_TASK DETAILS:_ Transcribe every line from the one containing "KIM DOLCE&GABBANA Georgette" to the end of the listing, exactly as written, and leave out the pictures.

_STORED DATA:_
★ ★ ★ ★ ★ ★ ★
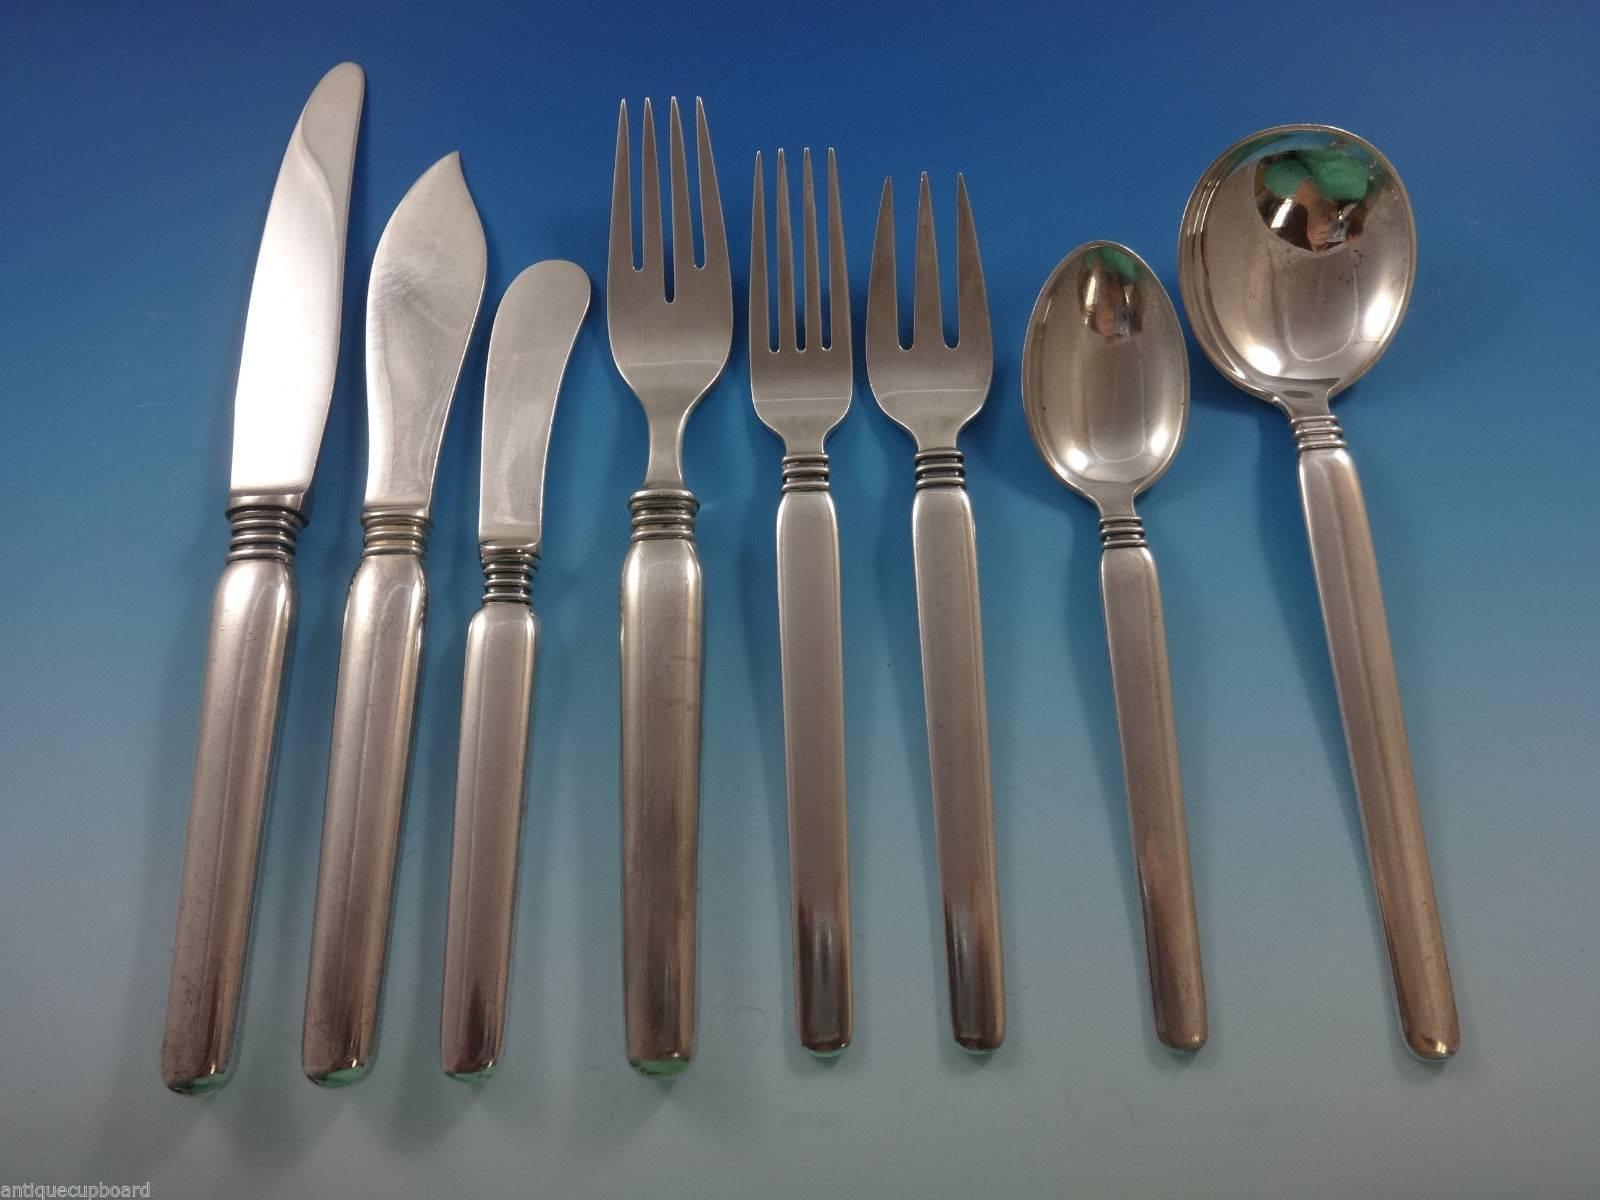 Windsor by W & S Sorensen Sterling Silver Danish Flatware Set 8 Service. This set includes: 8 KNIVES, 8 1/2", 8 FORKS, 6 3/4", 8 SALAD FORKS, 3-TINE, 6 1/2", 8 TEASPOONS, 6", 8 CREAM SOUP SPOONS, 6 3/4", 8 HOLLOW HANDLE
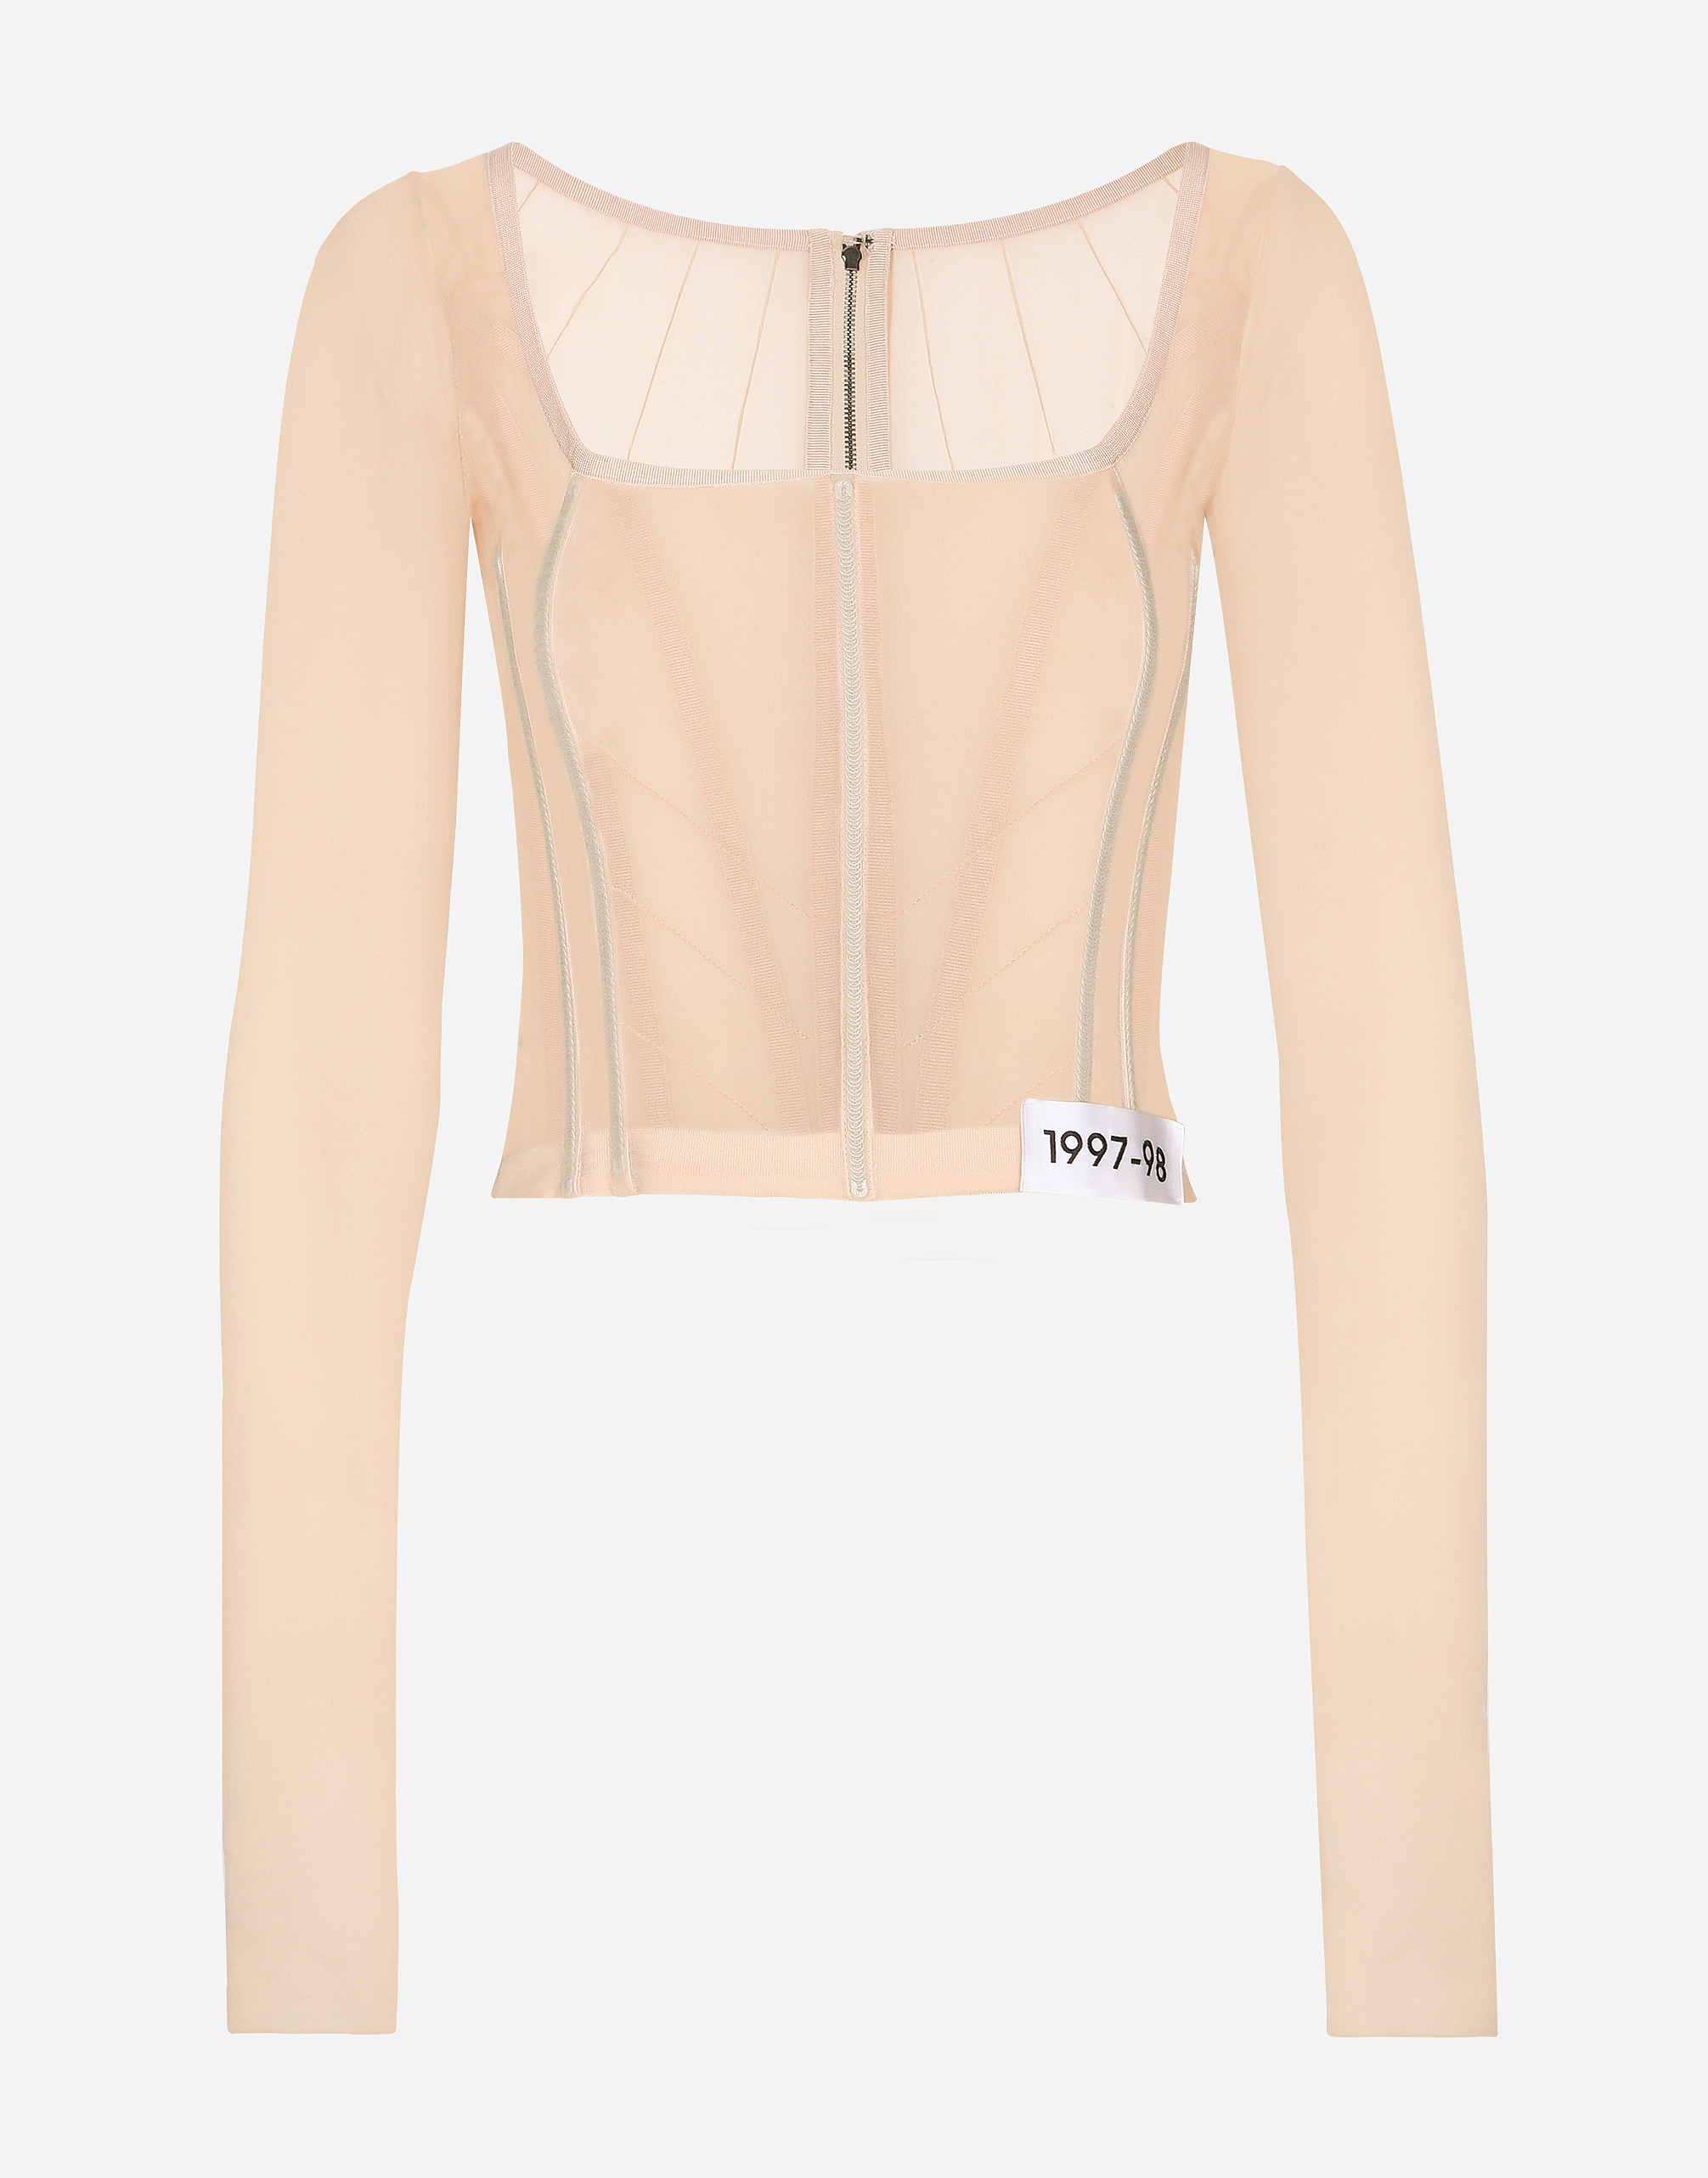 KIM DOLCE&GABBANA Georgette top with corset detailing in Beige
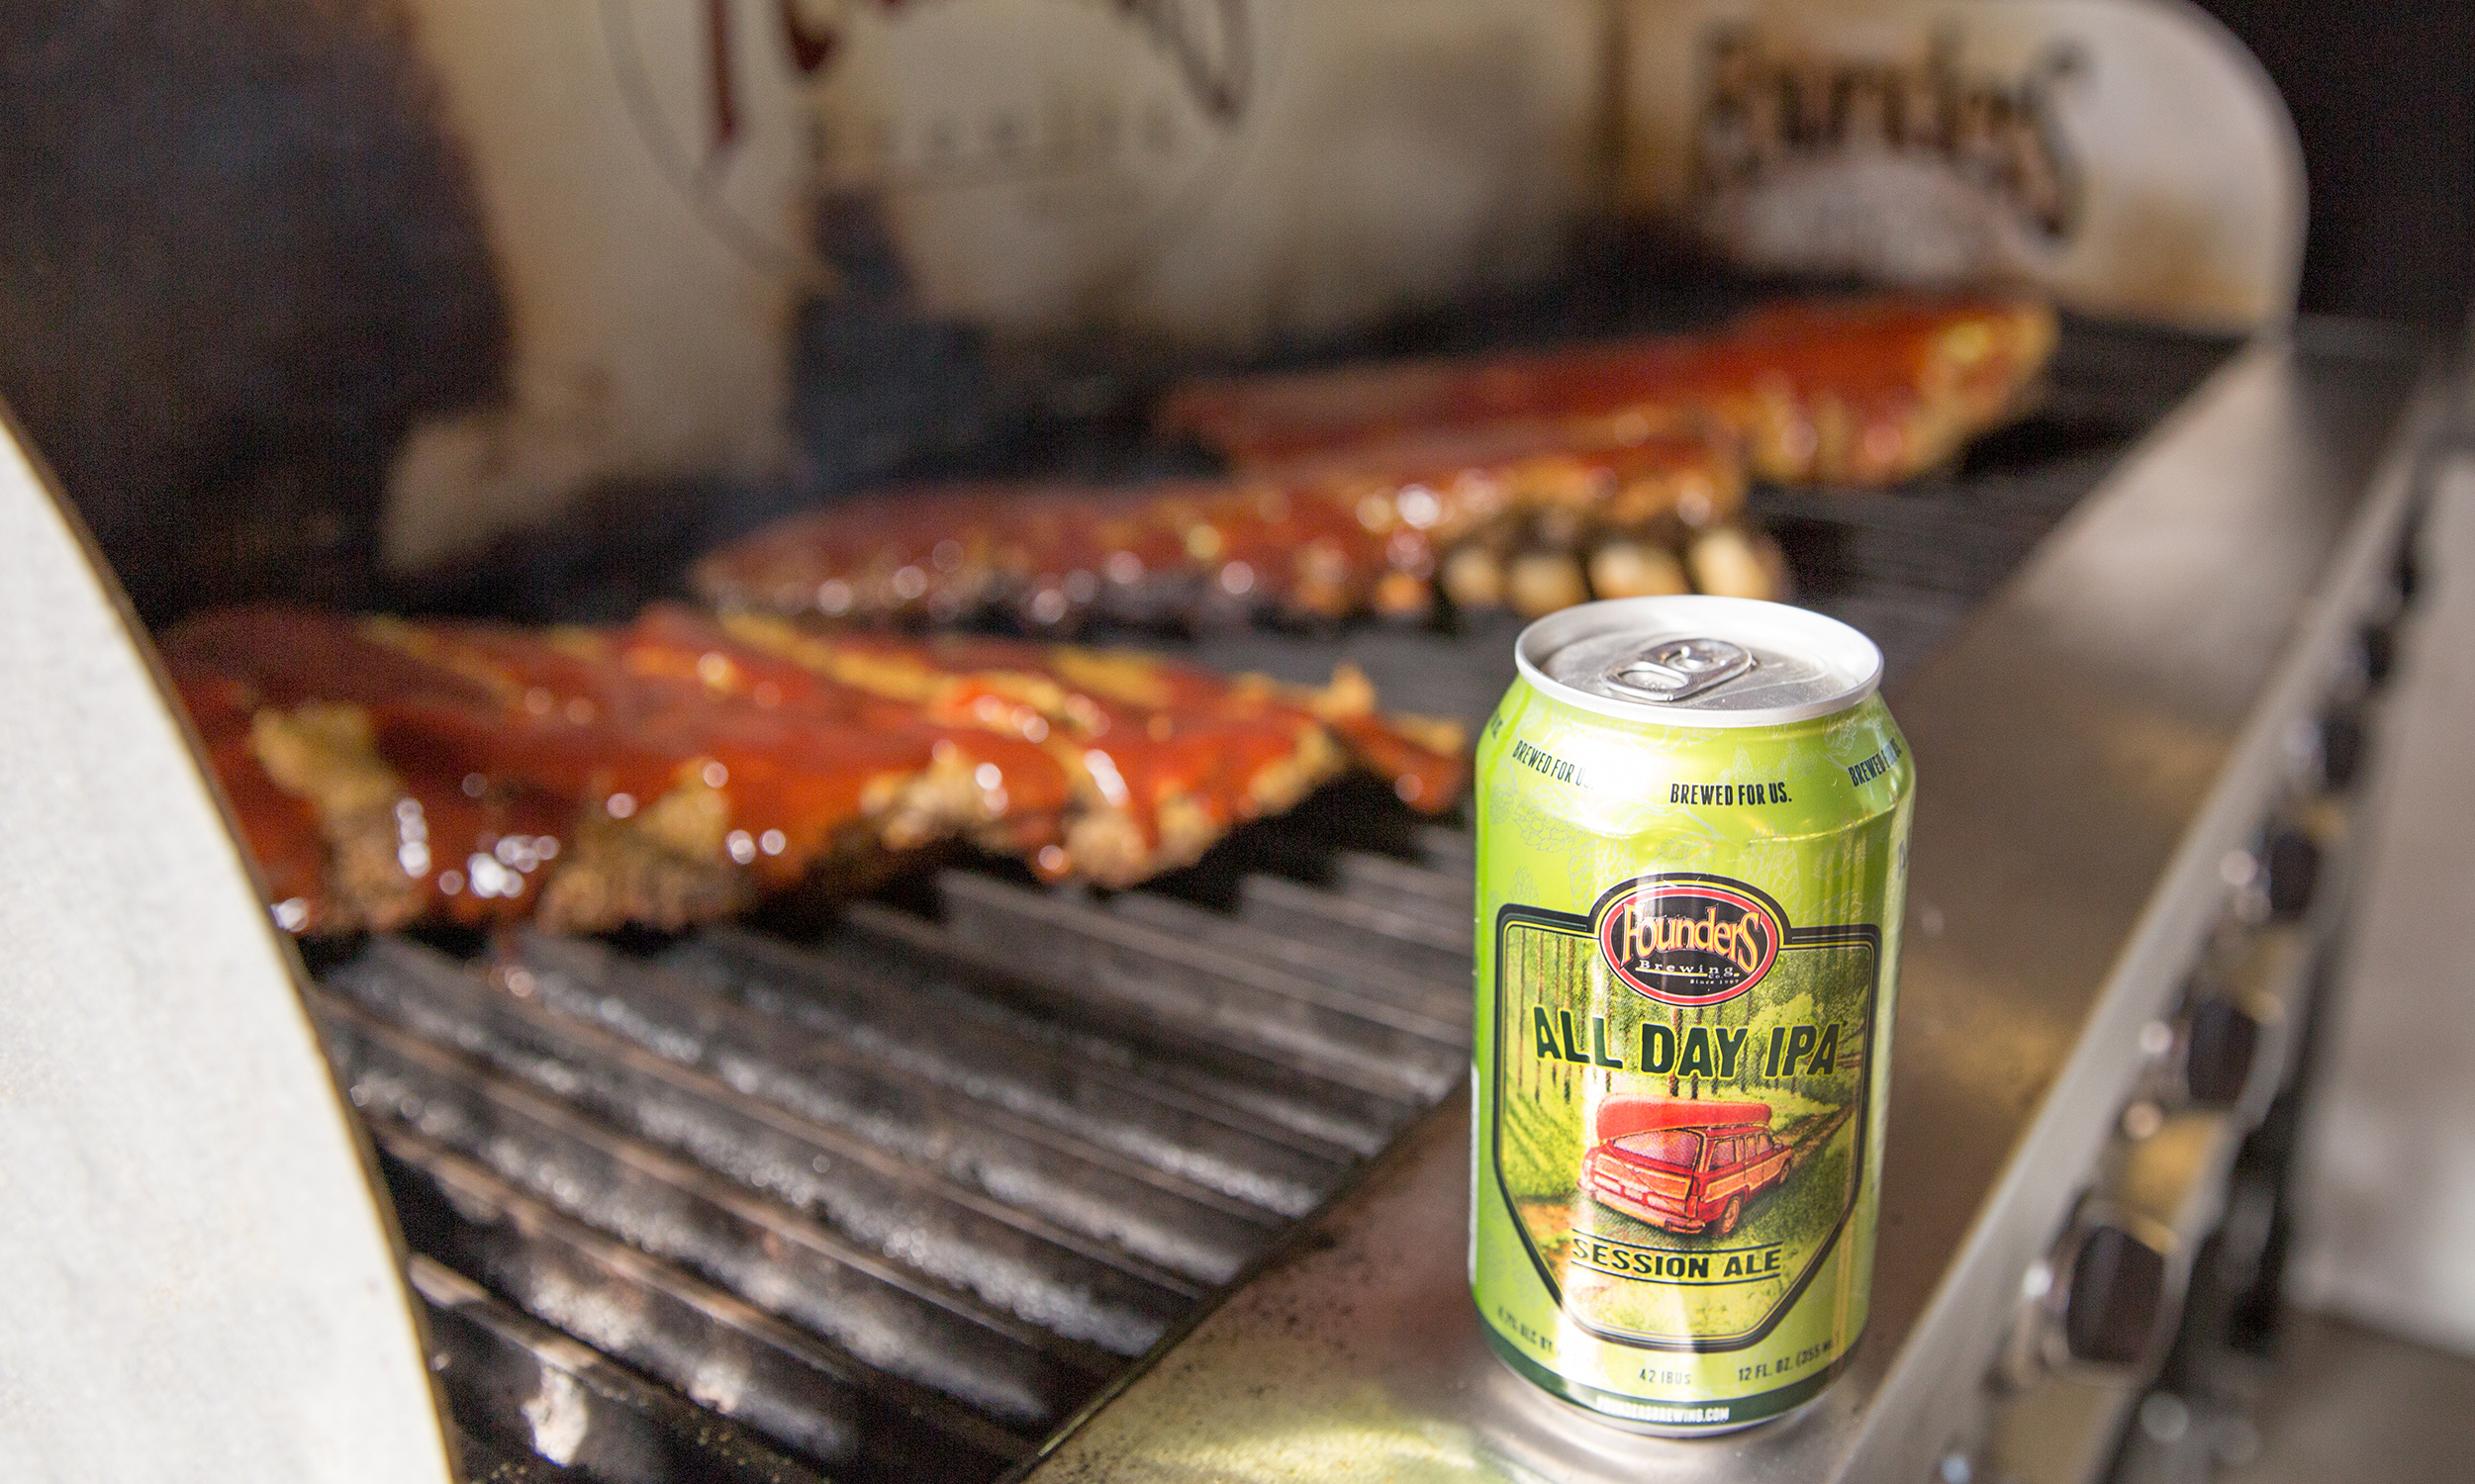 All Day IPA with Ribs on a grill
★ ★ ★ ★ ★ ★ ★
_OUTPUT FOR THIS TASK:_
 KIM DOLCE&GABBANA Georgette top with corset detailing in Beige
 All Day IPA with Ribs on a grill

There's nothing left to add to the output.